Even if you have a time machine at your fingertips, wouldn't you STILL have to know at least approximately 'where' (or 'when') to go to FIND the Mongols to ask them?

So if you have to know that much anyway, you have to have an easier way of obtaining such historical information, so why bother asking them, when there's clearly an easier way to get this information?

I mean, if you have (from somewhere, where exactly?) enough information to know when the Mongols even existed as an empire, why would you have to suddenly go all the way to the mongols themselves to ask questions about the time periods and eras of their conquest?

Also, would the Mongols that just started ruling China (you can't go ask the Mongols BEFORE they ruled China, because how the heck would they know?) really know exactly how long their reign will last? They can't know the future, but a time traveler should be able to.

So asking them would AT BEST give you the 'starting date' of their rule, not answer the whole 'when did they rule' question.

Furthermore, are people like Bill and Ted from San Dimas really going to be able to not only speak the Mongolian language (whatever language they spoke back then), but also understand THEIR calendar and calculation of time (even the Chinese moon calendar of the era differs greatly from the Julian calendar of modern times), AND be able to convert/translate that information to modern format..

..AND also understand Mongolian culture and everyday life to be able to understand any answer the Mongols might - - OR MIGHT NOT - - freely give them?

In what kind of situation and position, location and time can these two doofuses really ORGANICALLY and naturally ask the Mongols such a thing?

To add to all of this, just HOW suspicious would these two seem to the Mongols? They're dressed completely strangely, they speak strange language in strange voice, strange intonation, and they do strange gestures all of the time. But most importantly, even if all those problems were somehow solved;

HOW suspicious would someone be that doesn't know such a MAJOR fact about their 'great dear leader''s most recent and excellent conquest?

It makes _NO_ sense to just 'go ask the Mongols', and it makes so much more sense to acquire this information pretty much _ANY_OTHER_WAY_.

Even going to 1989 San Dimas library one day earlier or 10 years earlier would still be easier and make more sense, give more information in an immediately digestible way, etc. etc.

This part makes NO SENSE whatsoever!

But everything else is perfectly logical and cool.

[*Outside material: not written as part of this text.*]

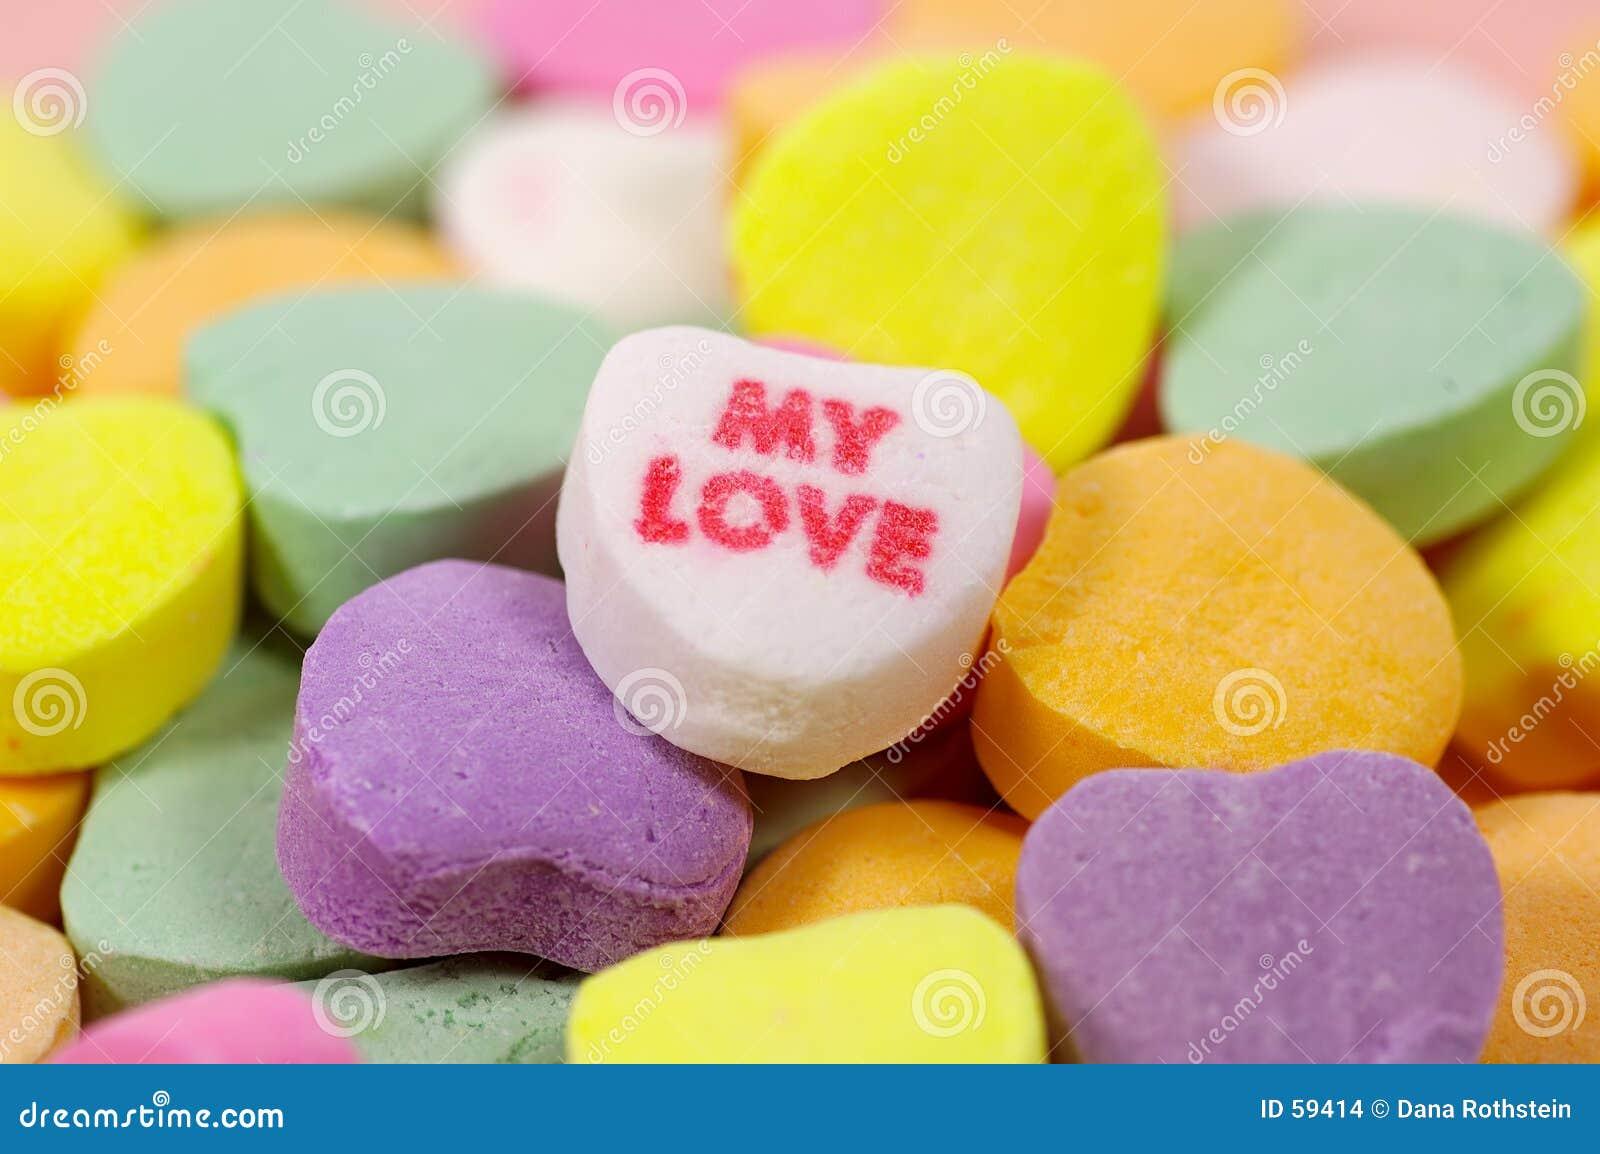 Meine Liebe

Beethoven would love 1980s synths.


It’s a silly comedy. You are overthinking this way too much.


Agreed. WAAAAAAAAY too much!


If the film had been intended to be an academic guide on how to do historical research, it would have failed. However, as a goofy comedy, it succeeded most excellently.


I don't think Rufus was being literal. It was just a throwaway line, rather than having him giving them the exact dates they required and then saying; "By the way, this is a time machine and we're going to go back in time to help you with your history report."


I used to think along the lines of the OP, but I'm more in agreement with you now. It's less of a literal "go investigate the actual start and end dates of the Mongolian rule," and more of a "you want to know history, go experience it for yourselves" kind of thing.



It's just a cool line, and a way of Rufus introducing the idea of experiencing history.


it's not supposed to make sense. It's just supposed to be fun and entertaining.